Large companies have begun planning infrastructural and organizational responses to the increased velocity of business change and internet-accelerated data flow.
This real-time responsiveness is long overdue and will make corporations more able to flex with changing business requirements. However, I believe that many real-time enterprise initiatives will fall short of their goals because they fail to account for a major change in how giants like IBM, Merck, and Toyota operate on a planetary level.
No longer just multinational, these supranational “world enterprises” gird the planet with development labs, centers of competence, adaptive manufacturing plants, and customer service centers. Ideally they develop goods and services from inception to meet the needs of many markets; they rely on in-country subsidiaries to identify the value and adapt world-ready products to appeal to national tastes. These companies design their wares, manufacture them, and manage supporting data and document repositories to comply with national legislation and conventions from cradle to grave.
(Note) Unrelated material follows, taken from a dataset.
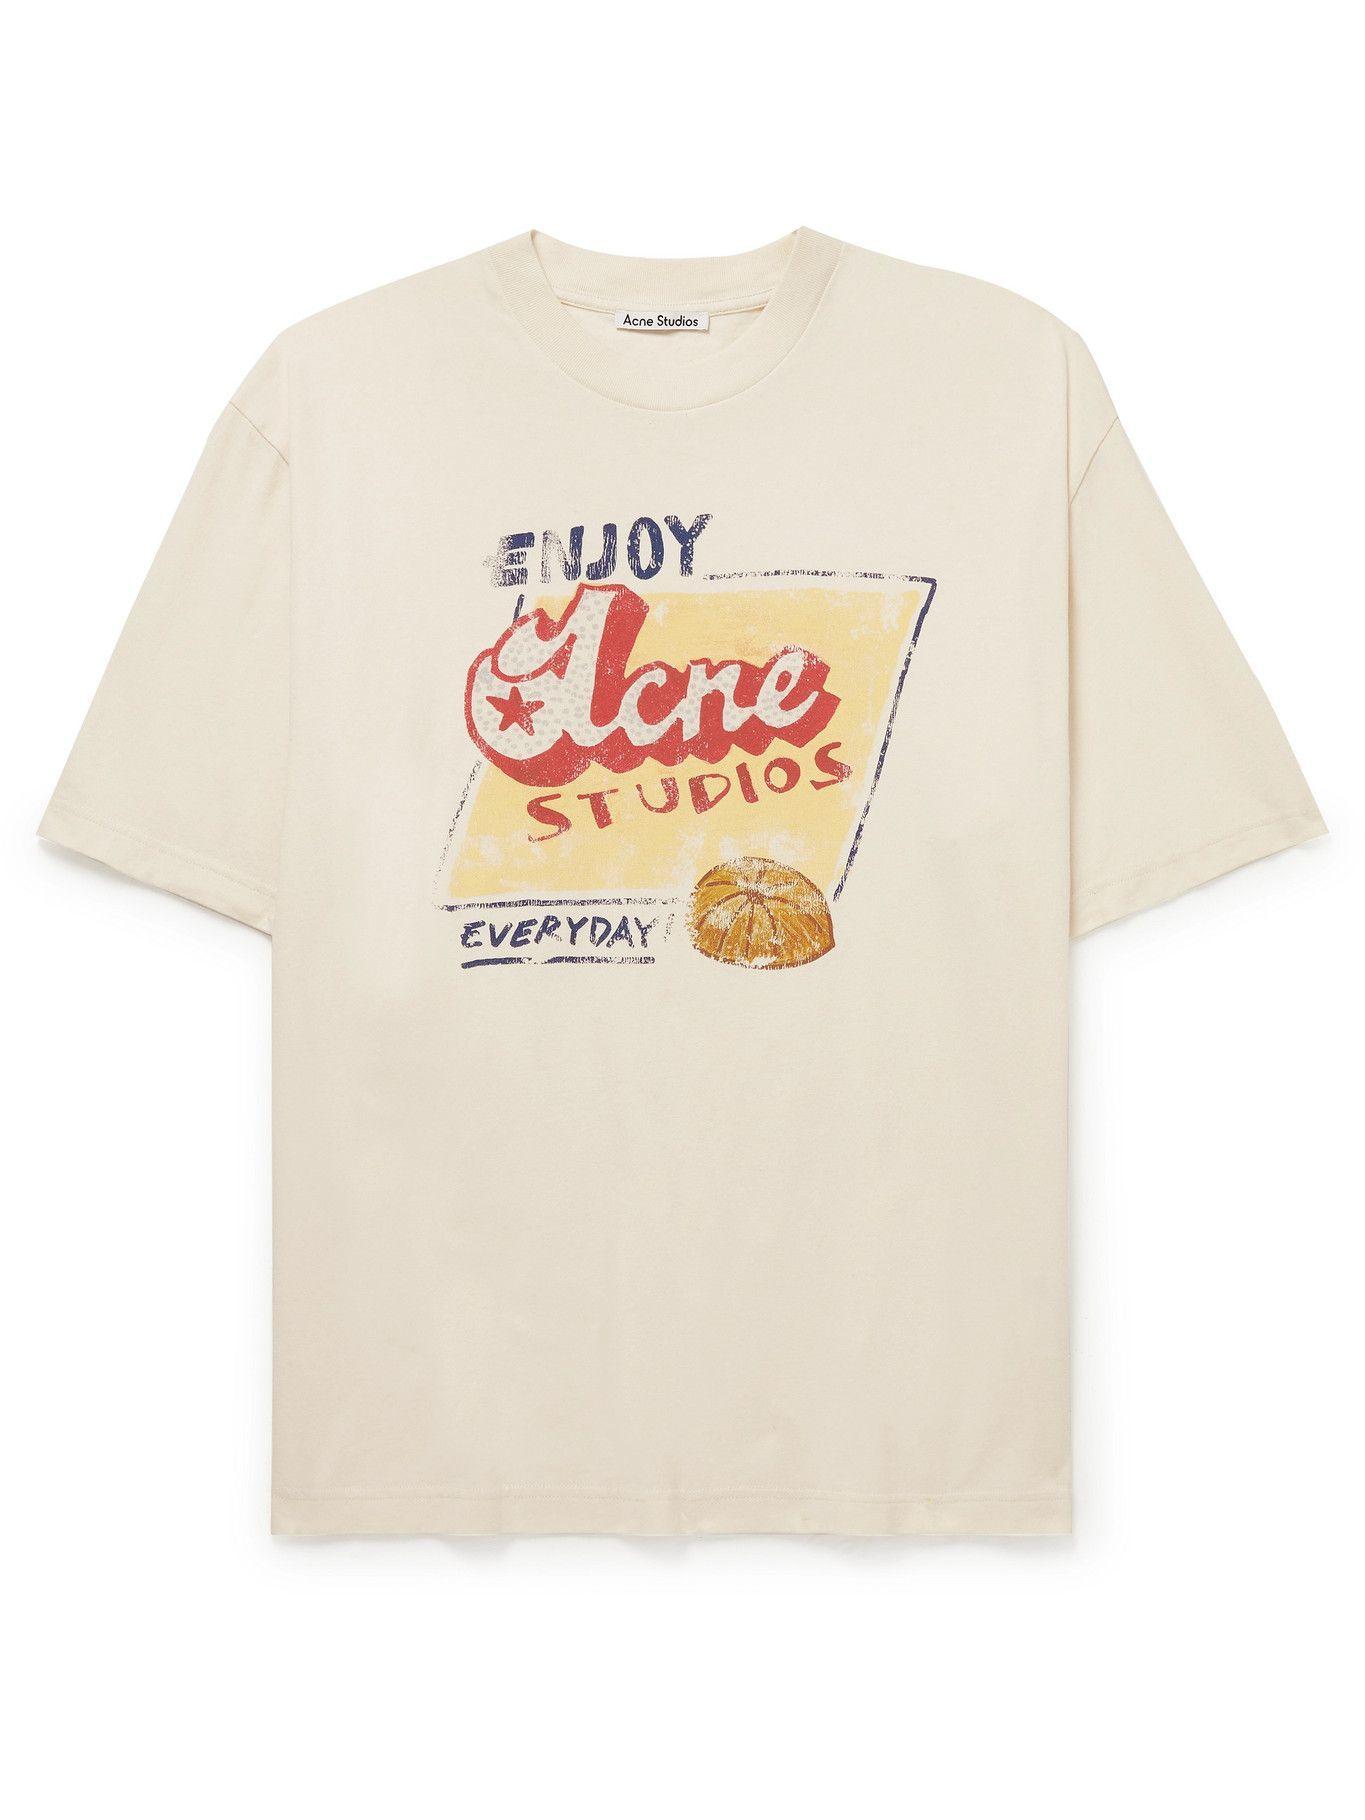 Photo: Acne Studios - Grant Levy Oversized Logo-Print Cotton-Jersey T-Shirt - Neutrals

The Real World Enterprise Does Not Stop at Borders
Aspirants to becoming a world enterprise must deal with a flood of code, content, and data that does not respect national borders. They have to create language and locale-independent processes to transform this content into a form, language, and style appropriate to the needs of consumers in disparate markets and roles. Three realities will drive forward-thinking companies to become real world enterprises.
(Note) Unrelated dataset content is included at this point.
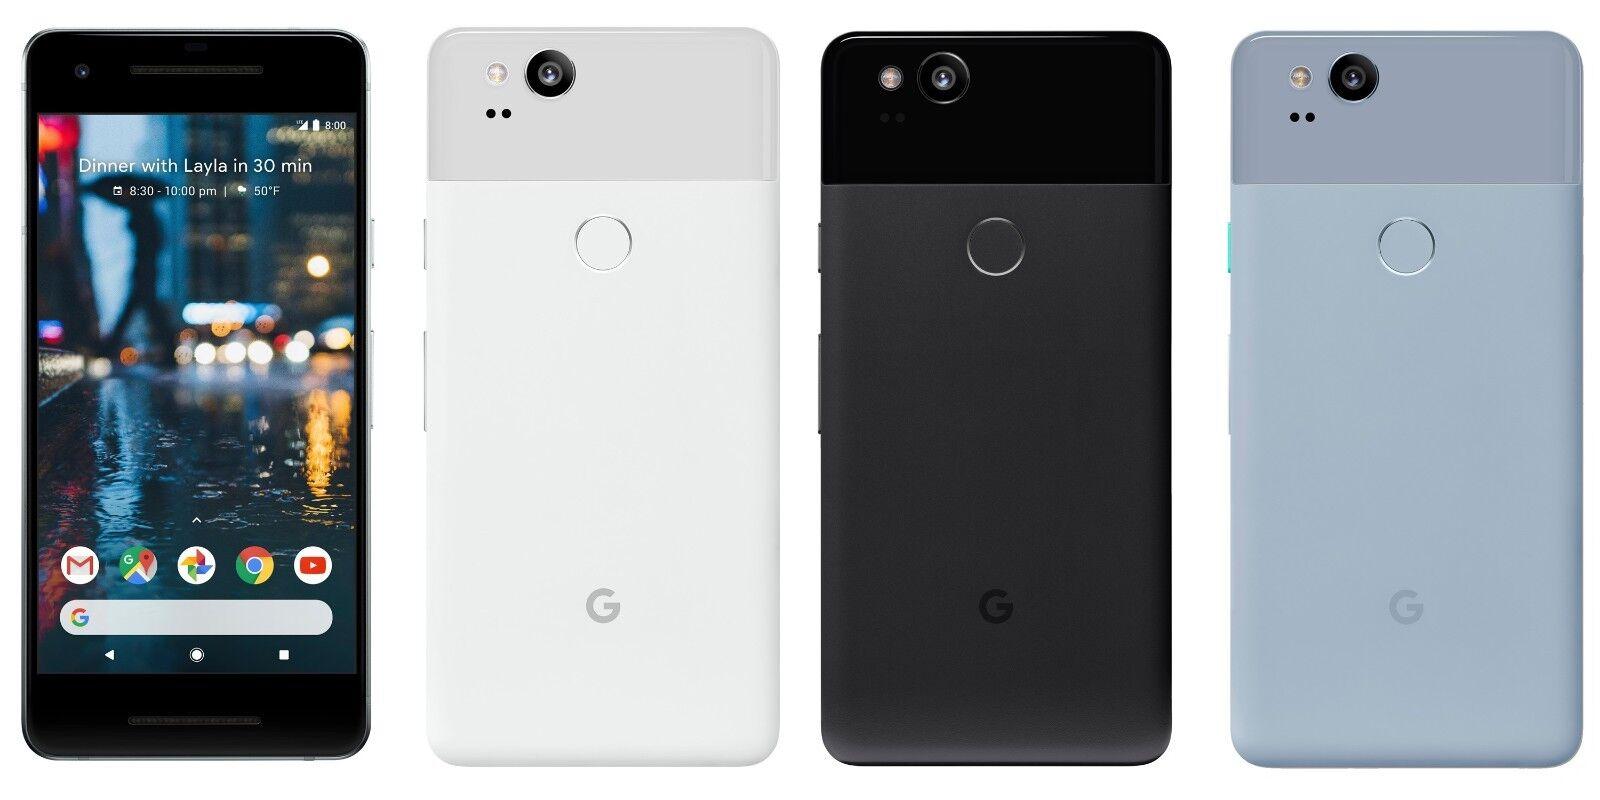 BRAND NEW Google Pixel 2 AND Google Pixel XL 2 FACTORY UNLOCKED 64/128 GB, 4 GB

What does this mean in practice? To deliver on the promise of the world enterprise, companies will have to think less about being an American or German company and more about structures, products, organizations, and applications that work globally first, nationally second. To execute on this vision hey will need to adopt and adapt the techniques of simultaneously shipping digital deliverables, products that embed multilingual content, internal dataflows, and inter-company communications across international boundaries. This won’t be news to larger software and computer hardware suppliers that “simship” products to many international. However, this effort will put a strain on development, marketing, and support organizations long accustomed to simple product roll-outs within a single national market.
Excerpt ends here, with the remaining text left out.